Grantham Seminar | Carey King 'Long-term energy and food costs and the structure of the economy'
Date:
27 February 2018, 12:30 pm - 2:00 pm
Speaker:
Carey King
Venue:
London School of Economics, Tower 2, Room 9.04, Clement's Inn Passage, London, WC2A 2AZ
A long-term and systems-oriented perspective on the role of energy resources and technologies shows that they play a fundamental role in enabling the physical and economic growth of the Industrial era. Yet, many economic modeling approaches do not even consider that energy availability and constraints fundamentally affect the size and structure of our economies. This lack of energy-economic coupling means that most economic frameworks cannot even consider the energy system as an explanatory factor for the Great Recession and the economic “secular stagnation” since 2008. In addition, mainstream economic frameworks cannot explain future implications of large scale changes in the energy system (e.g., a low-carbon transition), even though they are used for this purpose. This presentation shows data to make the case that (1) the declining cost of energy (including food) is an apt explanation for historical growth, (2) worldwide energy and food costs reached the lowest point in history around the year 2000, and (3) the cessation of the decline in energy and food costs (within the U.S.) helps explain structural changes within the U.S. economy. These findings can help underpin economic modeling of a renewable or low-carbon transition by understanding how the rate of investment in the energy system feeds back to the economy via the size of the energy sector.

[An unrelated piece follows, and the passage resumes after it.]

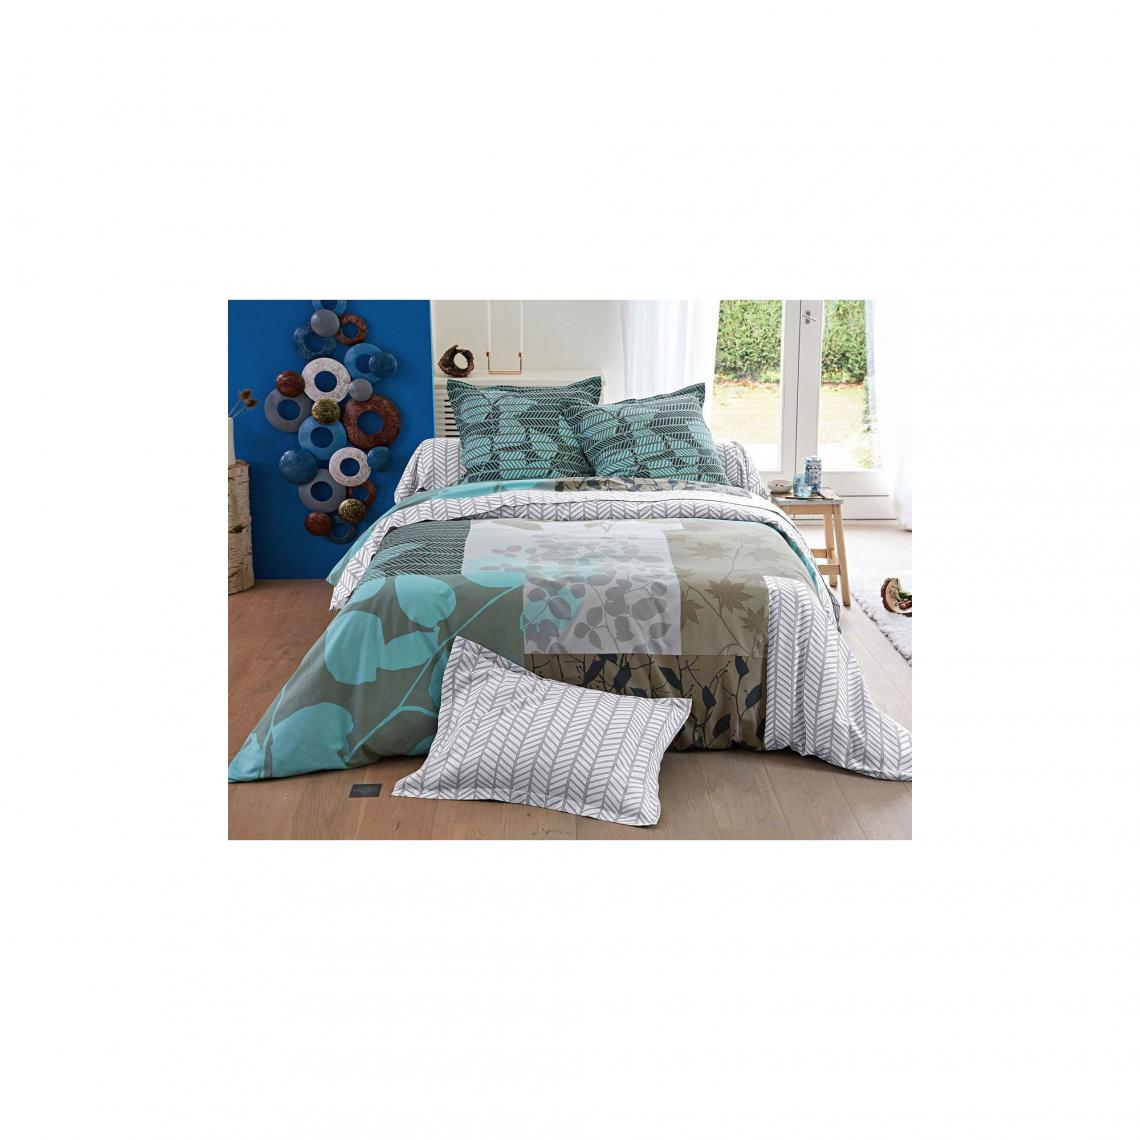 housse de couette patchwork de feuilles becquet beige 3 suisses. Black Bedroom Furniture Sets. Home Design Ideas

Carey is Research Scientist at The University of Texas at Austin and Assistant Director at the Energy Institute. He also has appointments with the Center for International Energy and Environmental Policy within the Jackson School of Geosciences and the McCombs School of Business. He has both a B.S. with high honors and Ph.D. in Mechanical Engineering from the University of Texas at Austin. He has published technical articles in the academic journals Environmental Science and Technology, Environmental Research Letters, Nature Geoscience, Energy Policy, Sustainability, and Ecology and Society. He has also written commentary for American Scientist andEarth magazines as well as major newspapers such as the Dallas Morning News,Houston Chronicle, and Austin American-Statesman. Dr. King has several patents as former Director for Scientific Research of Uni-Pixel Displays, Inc.